ADR-014: RPC Developer Experience and Safety Improvements
Status: Implemented Date: 2025-10-30 References: ADR-012, ADR-013
Problem
While core RPC reliability features are production-ready (abort, deadlines, one-shot, backpressure), several developer experience issues remain:
- Implicit correlation policy: Clients must manually generate
correlationId; missing IDs cause silent match failures - Unclear intent: No explicit method to signal "send to this client" vs. other send methods
- Idempotency key format left to apps; no helper for consistent canonicalization
- Reserved prefix enforcement: Runtime filtering works, but schema creation doesn't fail fast
- Typed error codes: No client-side type narrowing for error handling
- Backpressure tuning: Configuration hidden; no platform-specific guidance
Solution
Six surgical DX improvements keeping the API surface minimal:
1. Auto-Correlation (Client + Server)
Problem: Manual correlation IDs are error-prone.
Solution:
- Client: Auto-generate
correlationIdusingcrypto.randomUUID()if not provided - Server: Synthesize missing
correlationIdfor RPC messages; tag withmeta.syntheticCorrelation = truefor debugging
Impact: Zero-cost invariant (every RPC always has a correlationId)

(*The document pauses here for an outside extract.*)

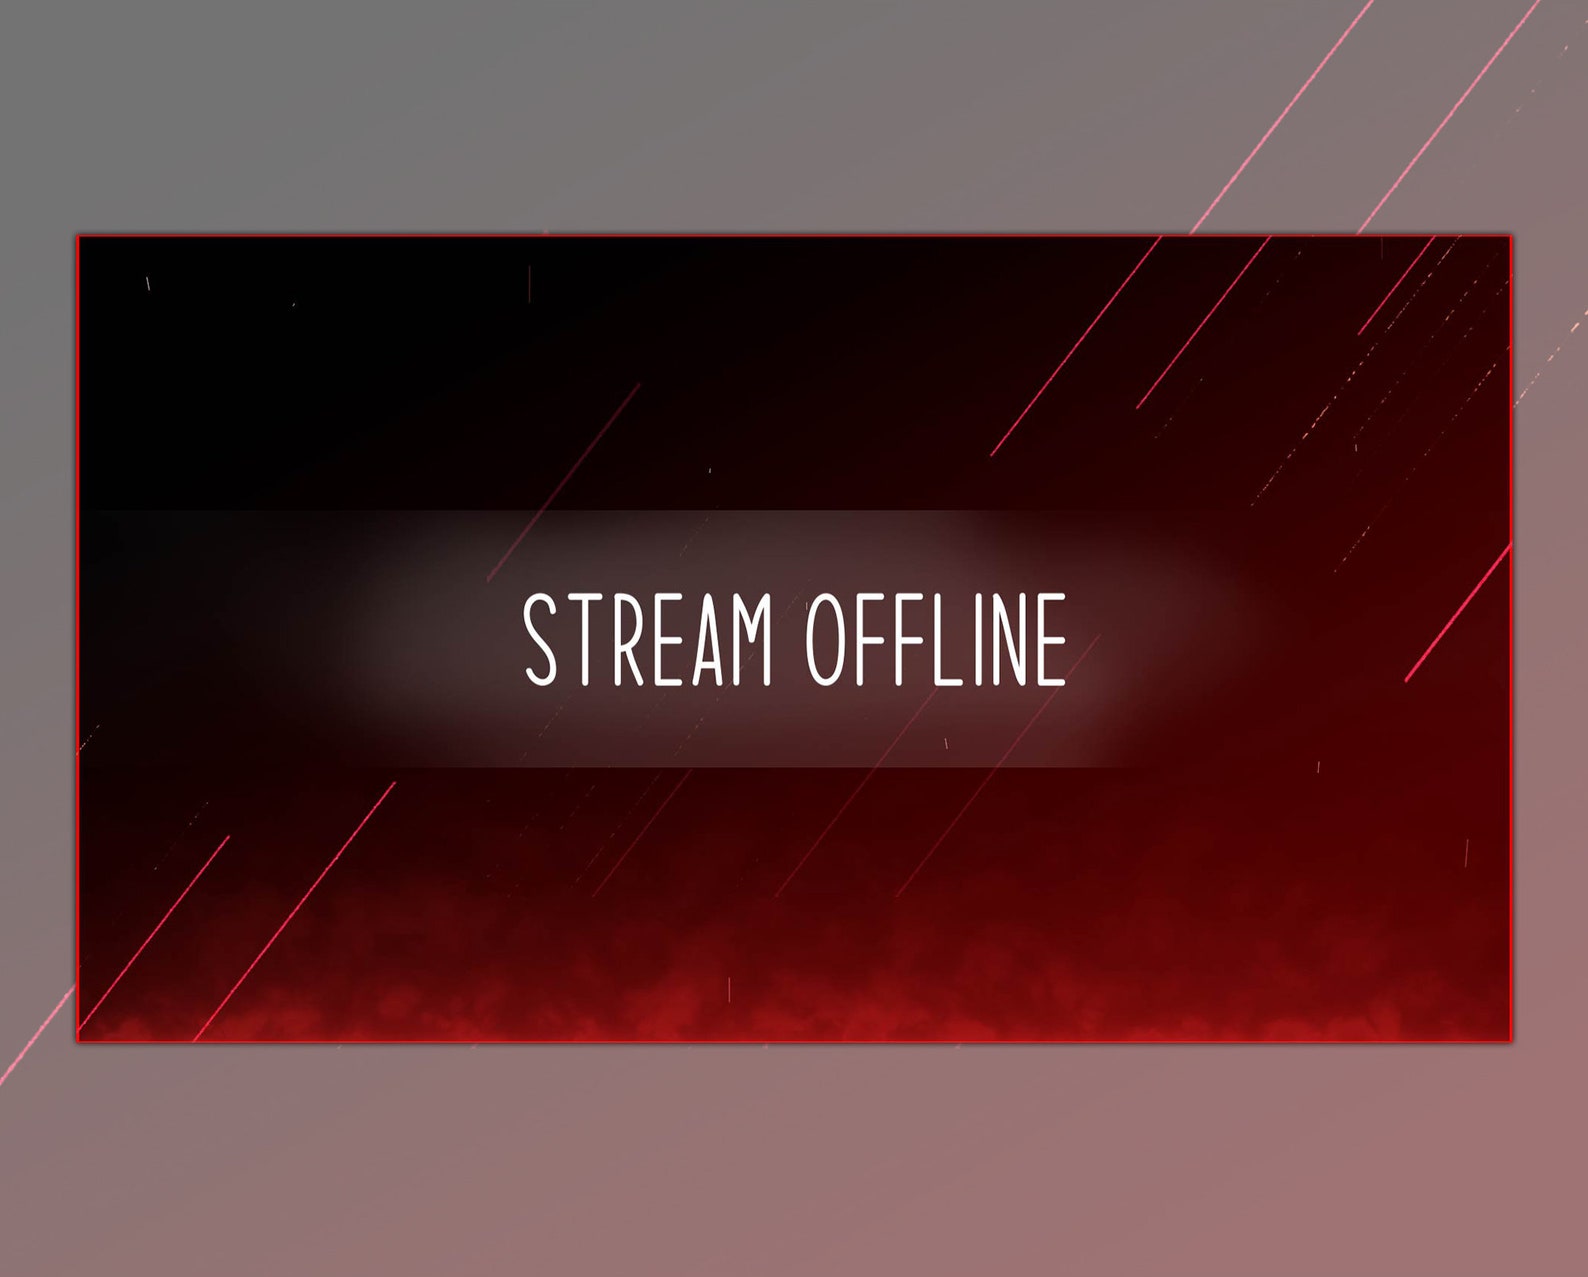 Animated Twitch Overlay Red Line Simple Minimalist Screens Etsy
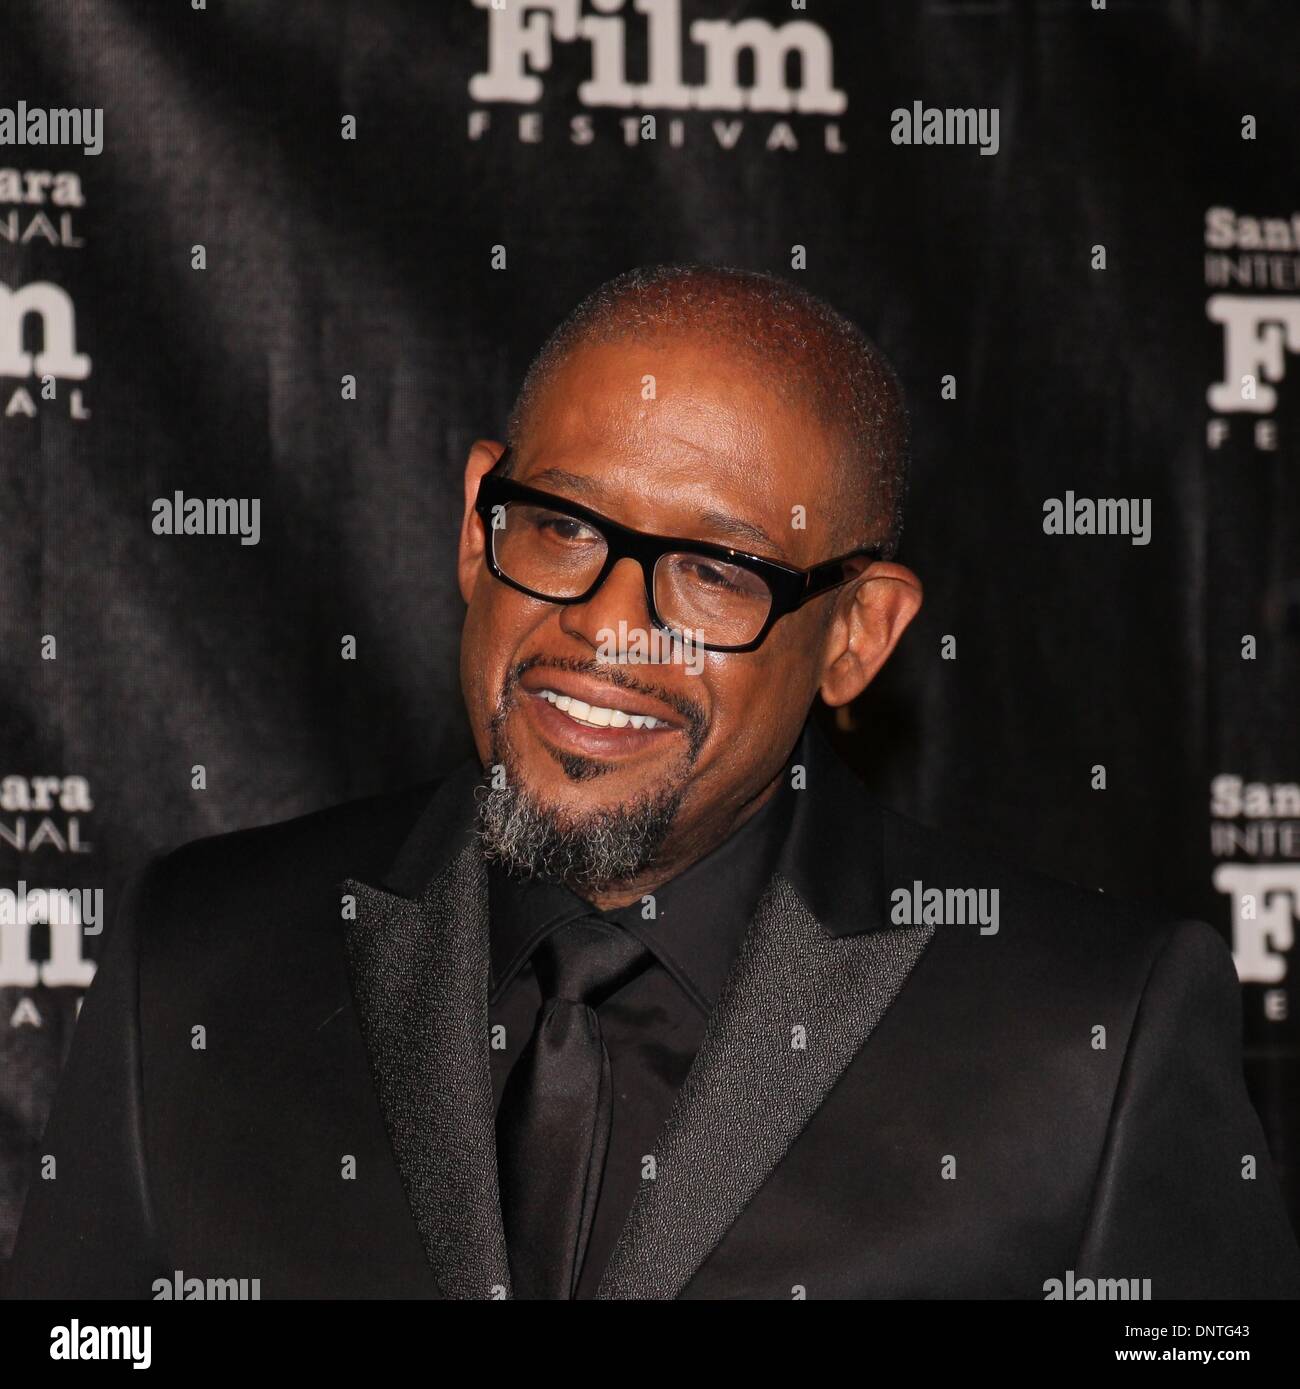 Santa Barbara, California USA – 5th January 2014. The red carpet arrivals for the Santa Barbara International Film Festival’s Kirk Douglas Award For Excellence in Film presented to Forest Whitaker at a black tie gala held at the Bacara Resort & Spa. Photo: Forest Whitaker. Credit: Lisa Werner/Alamy Live News Stock Photo

// Client side (automatic)
const correlationId = opts?.correlationId ?? crypto.randomUUID();
// Server side (fallback)
if (isRpc && !correlationId) {
correlationId = crypto.randomUUID();
meta.syntheticCorrelation = true; // For debugging
}2. Primary Method: ctx.send() for Semantic Clarity
Problem: Single send method doesn't clearly signal intent (unicast to sender vs. broadcast).
Solution:
- Introduce
ctx.send()as the primary method for sending to client (always available) - Clear semantics: "send to this client only"
- Functionally identical to
ctx.send()
router.on(QueryMessage, (ctx) => {
const result = await queryDatabase(ctx.payload);
ctx.send(QueryResponse, result); // Clear: send to this client only
});3. Typed RpcErrorCode for Client Error Narrowing
Problem: No way to type-narrow error codes in catch blocks.
Solution:
- Export
RpcErrorCodeunion type from client - Make
RpcErrorgeneric:RpcError<TCode extends RpcErrorCode>
export type RpcErrorCode =
| "INVALID_ARGUMENT"
| "UNAUTHENTICATED"
| "PERMISSION_DENIED"
| "NOT_FOUND"
| "RESOURCE_EXHAUSTED"
| "DEADLINE_EXCEEDED"
| "CANCELLED"
| "INTERNAL"
| "ONE_SHOT"
| string; // Allow custom codesUsage:
try {
await client.request(Query, payload);
} catch (e) {
if (e instanceof RpcError && e.code === "RESOURCE_EXHAUSTED") {
// Type-narrowed: retryAfterMs guaranteed present
await sleep(e.retryAfterMs ?? 100);
}
}4. Idempotency Helper: stableStringify() + idempotencyKey()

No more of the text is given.